= HealthRoster =

Employee scheduling software

HealthRoster (formerly MAPS) is Employee scheduling software for e-rostering, used in the National Health Service produced by Allocate Software.

It provides a computerised method for efficiently managing when staff are required to work and to ensure wards and departments have the right staff in the right place at the right time. It is used by over 80% of electronically rostered NHS trusts to plan and roster their staff. It permits bank nurses to check shifts that are available on their phones or computers at home. Version 11, which can be used on a tablet, was released in 2020, responding to demands created by the COVID-19 pandemic in the United Kingdom. It uses the SafeCare patient acuity model supplied by Imperial College Innovations Limited.

Hertfordshire Partnership University NHS Foundation Trust uses the software, which was installed in October 2007, to manage staffing of 160 different areas of nursing. The manager says it is much more efficient than their previous paper-based system, especially as it could keep a record of requests.
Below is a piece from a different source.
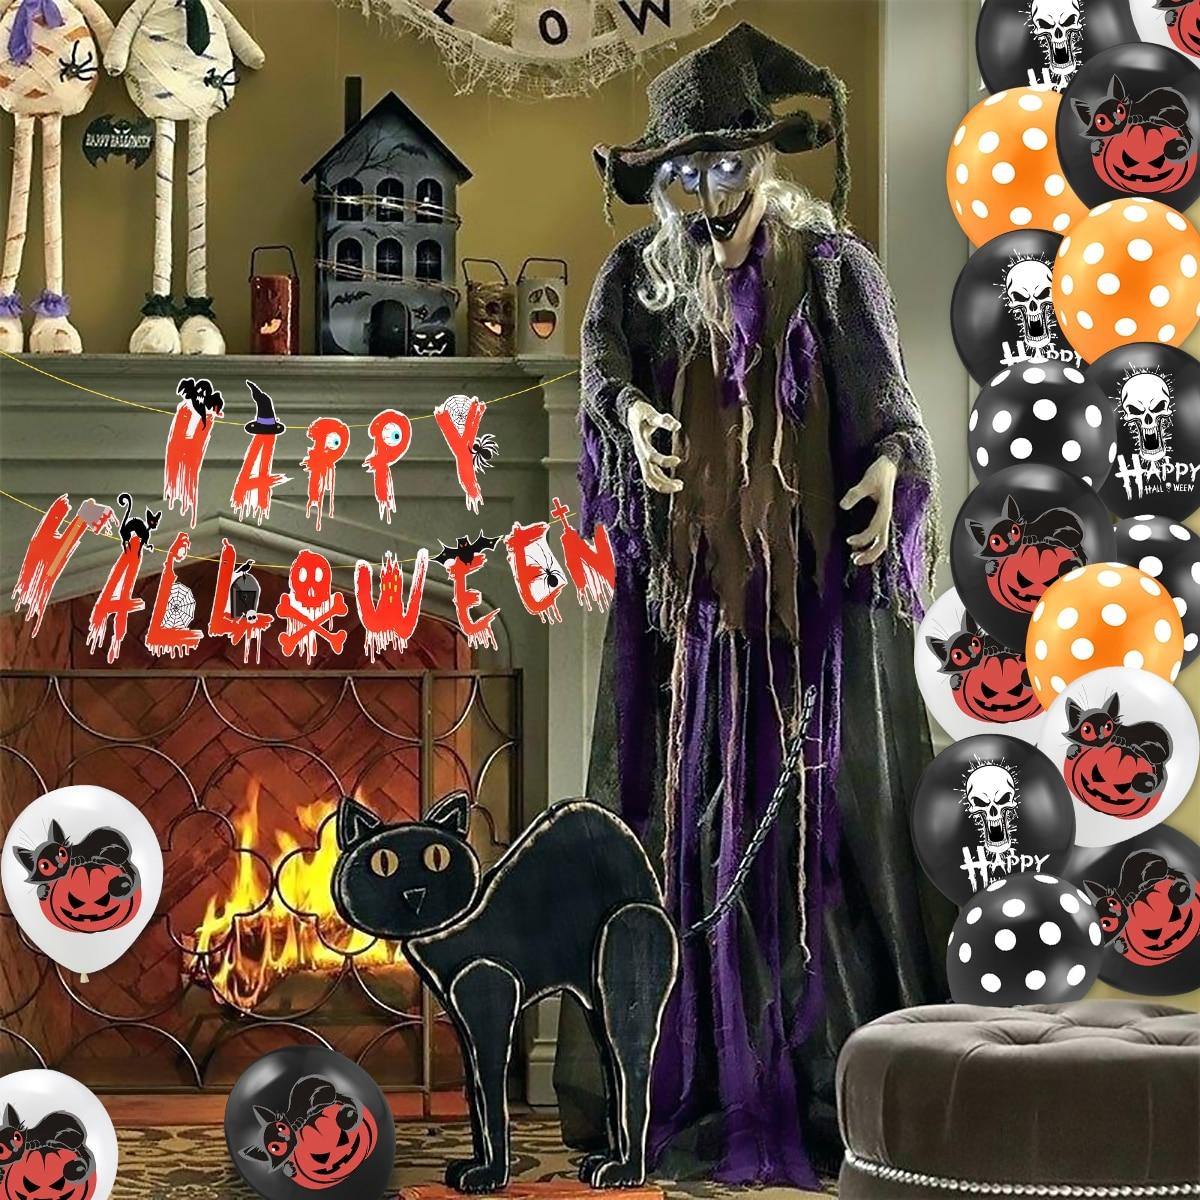 Happy Halloween Decor Set 10

It is used in University Hospitals Coventry and Warwickshire NHS Trust, where it was used by Alison Leary in her study of safe nurse staffing. Warrington & Halton Hospitals NHS Foundation Trust claims it has permitted them to reduce the use of bank and agency staff.

Derbyshire Community Health Services NHS Foundation Trust has established a Responsive Workforce Model using HealthRoster Software and SafeCare, which they say has been crucial in permitting them to reduce expenditure on agency staff, ensured quality and freed up nurses for hands-on care. Matrons and ward managers can now organise their rotas more efficiently which enables them to be fairer with staff and frees them up to spend more time on direct patient care.